Виктор с удовлетворением отметил, что в Древнем Китае подобную игру с ногой сочли бы чрезвычайно интимной. Для китайцев обнаженная ступня была эротичнее обнаженных гениталий. Ему лестно было представить необузданную мощь своей страсти в другое время и в другом месте. В памяти всплыли строки из «Мальтийского еврея»: «Ты совершил прелюбодеяние, но это было в другой стране. К тому же девка умерла»{33}. В прошлом он был соблазнителем, который основывал свои победы на принципах утилитаризма в погоне за суммарным увеличением общего наслаждения, но после встречи с Анной хранил невиданную прежде верность. Не обладая физической привлекательностью, он соблазнял женщин своим умом. Чем уродливее и знаменитее он становился, тем приметнее делался разительный контраст между инструментом соблазнения (его речами) и инструментом наслаждения (его телом). Привычная схема новых любовных побед подчеркивала этот аспект проблемы психофизической связи между душой и телом больше, чем близкие отношения, поэтому Виктор решил, что пришло время обзавестись живой девкой в этой стране. Самым сложным было не путать физическое отсутствие с психологическим.
На террасу вернулась Анна с двумя стаканами апельсинового сока, вручила один Виктору.
— О чем задумался?
— О возможности сохранить личность при переносе в другое тело, — соврал Виктор.
— Ну вот ты целовал бы мне ноги, если бы я выглядела как канадский лесоруб?
— Да, если бы знал, что в его теле — ты, — благородно ответил Виктор.
— Даже в ботинках с металлическими носками?
— Совершенно верно.
Они обменялись улыбками. Виктор отпил апельсинового сока и спросил:
— Как вы съездили с Элинор?
— По дороге домой я решила, что каждый из гостей, приглашенных сегодня к ужину, так или иначе дурно отзовется обо всех остальных. Ты наверняка полагаешь, что с моей стороны это очень примитивно и по-американски, но я не могу понять, зачем проводить вечер с теми, кого ты весь день оскорблял.
— Чтобы было чем оскорбить их на следующий день.
— Ах, ну конечно же, — вздохнула Анна. — Завтра уже будет другой день{34}. Все будет иначе, но точно так же.

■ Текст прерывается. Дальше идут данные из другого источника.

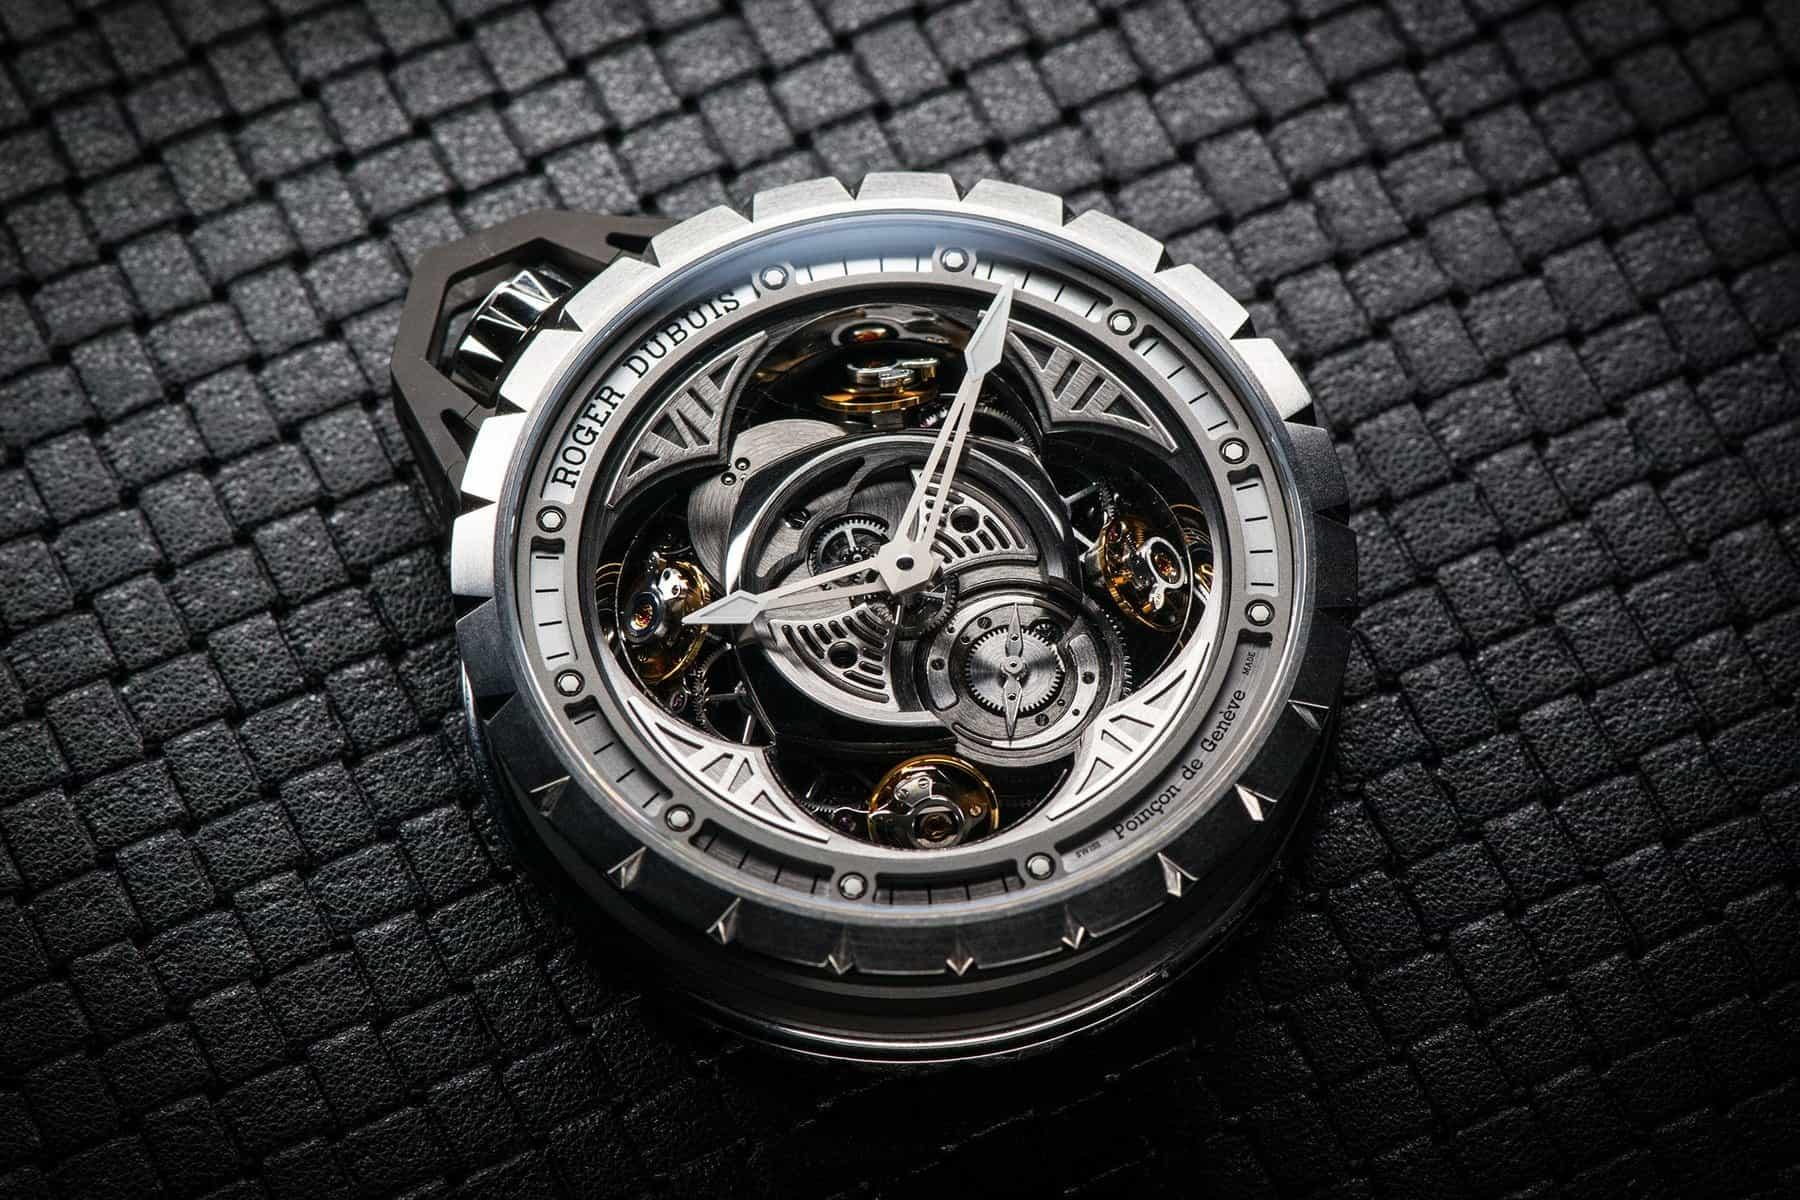 Roger Dubuis Excalibur Spider Pocket Time Instrument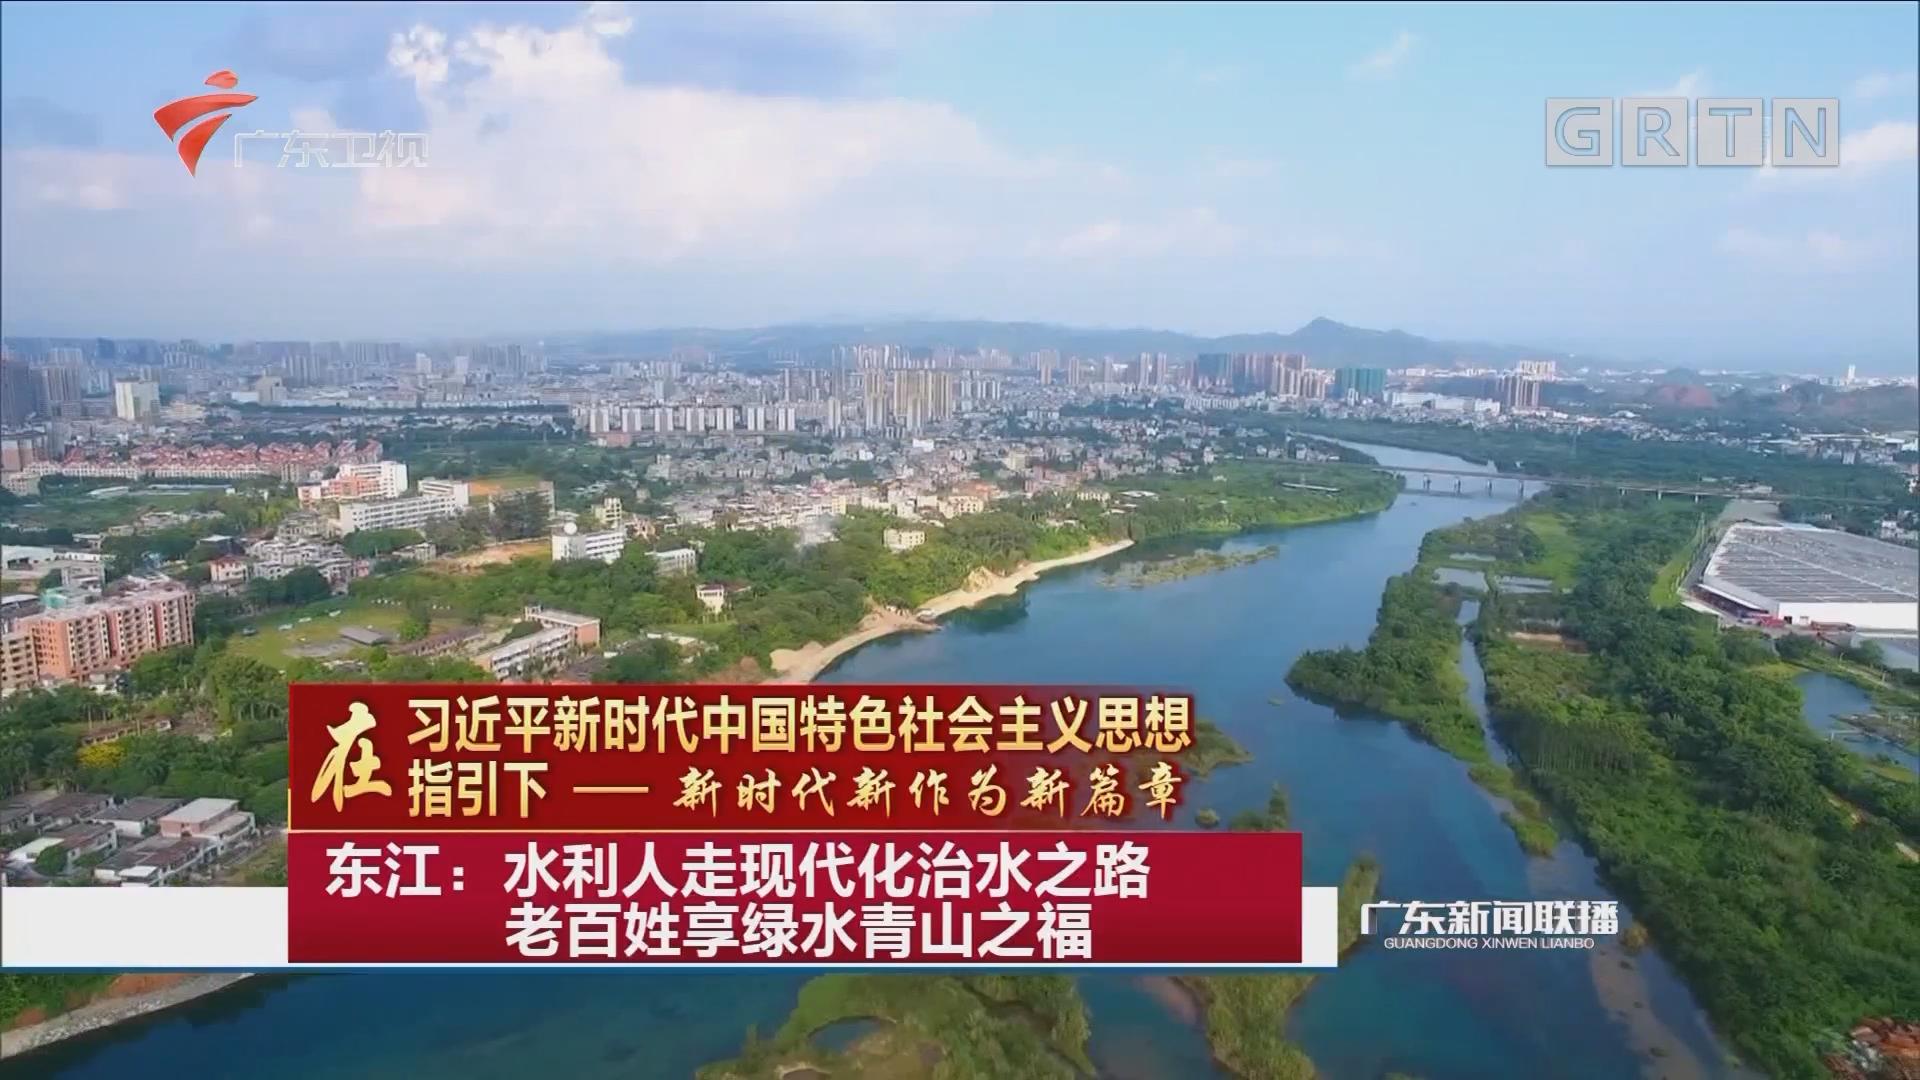 东江:水利人走现代化治水之路 老百姓享绿水青山之福

Виктор встревоженно посмотрел на нее:
— Вы всю дорогу измывались друг над другом или только надо мной и Дэвидом?
— Не то и не другое. Но, судя по тому, как оскорбились все остальные, я поняла, что нам предстоит разбиться на мелкие группы, чтобы каждый смог оскорбить каждого.
— Так ведь в этом же и заключается вся прелесть ситуации: нужно дурно отзываться обо всех, кроме собеседника, чтобы он проникся своим привилегированным положением.
— По-моему, как минимум в одном случае это правило не сработало, и оскорбленными остались все без исключения.
— А ты не хочешь проверить свою теорию и дурно отозваться о ком-нибудь из гостей?
— Что ж, если ты настаиваешь… — рассмеялась Анна. — Николас Пратт — законченный мудак.
— Ну, это объяснимо. Он хотел сделать карьеру политика, но его поймали на том, что тогда считалось супружеской изменой, а теперь называется открытым браком. Интрижки обычно заводят после того, как получают министерский портфель, а Николас ухитрился вляпаться в скандал как раз во время предвыборной кампании, баллотируясь от лейбористов в традиционно лейбористском округе.